___ Data to examine ___

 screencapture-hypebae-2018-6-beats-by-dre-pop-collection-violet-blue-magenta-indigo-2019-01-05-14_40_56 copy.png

___
___ Data to examine ___

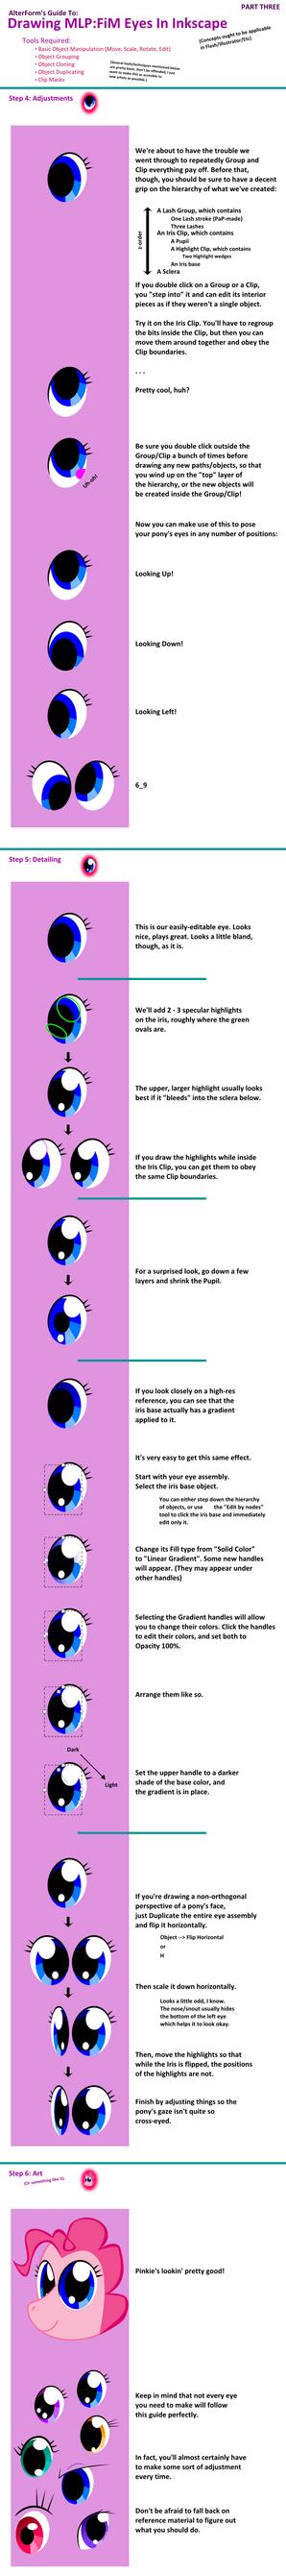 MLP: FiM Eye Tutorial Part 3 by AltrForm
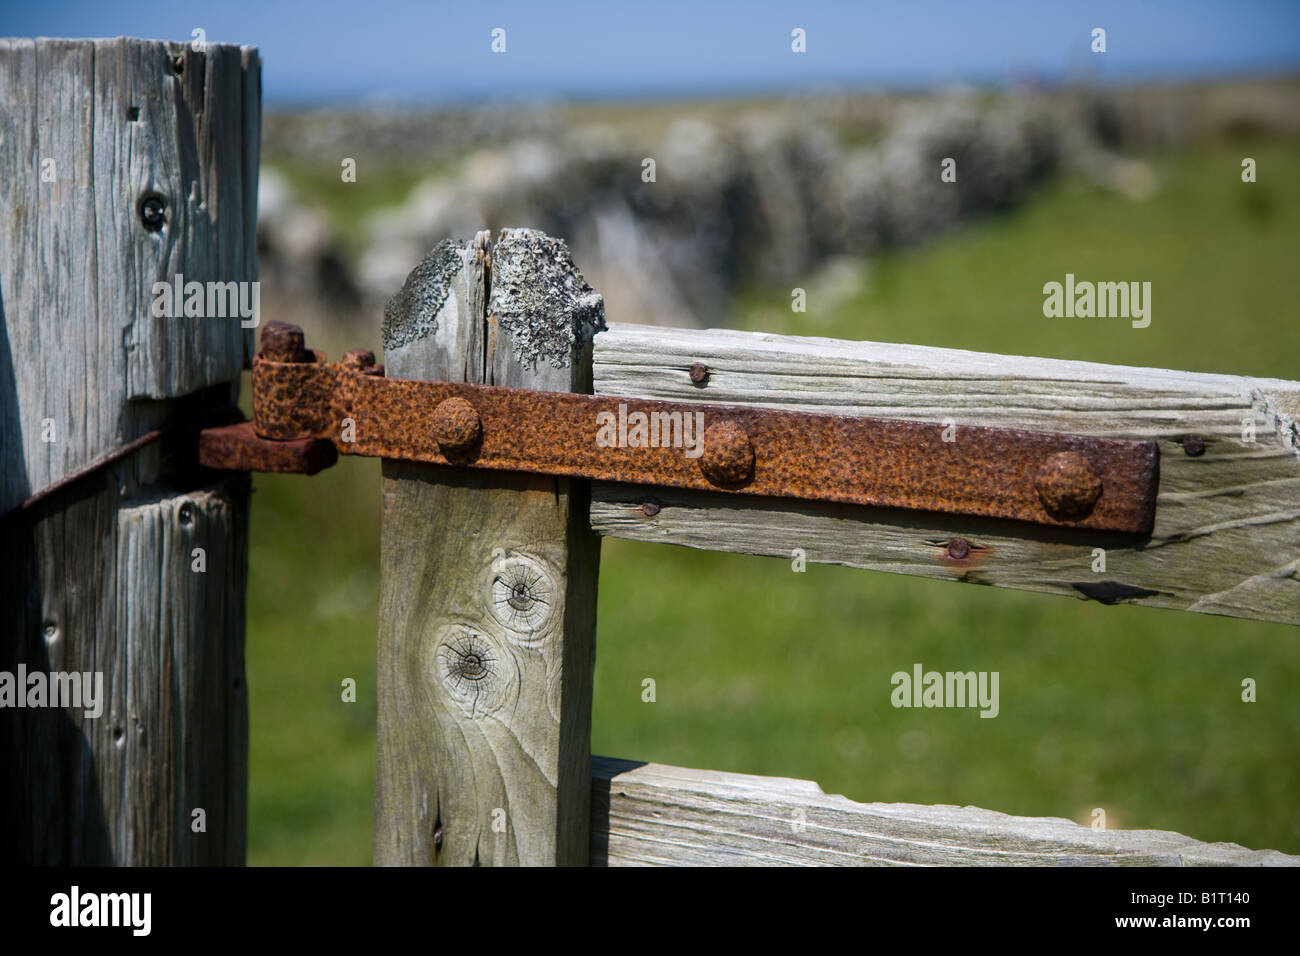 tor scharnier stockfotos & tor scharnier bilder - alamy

___

Problem statement — In the listing above, find the line with "MLP: FiM Eye Tutorial Part 3 by AltrForm" and the line with "tor scharnier stockfotos". Output both, plus every line between them, and no pictures.

Exercise answer —
 MLP: FiM Eye Tutorial Part 3 by AltrForm
 tor scharnier stockfotos & tor scharnier bilder - alamy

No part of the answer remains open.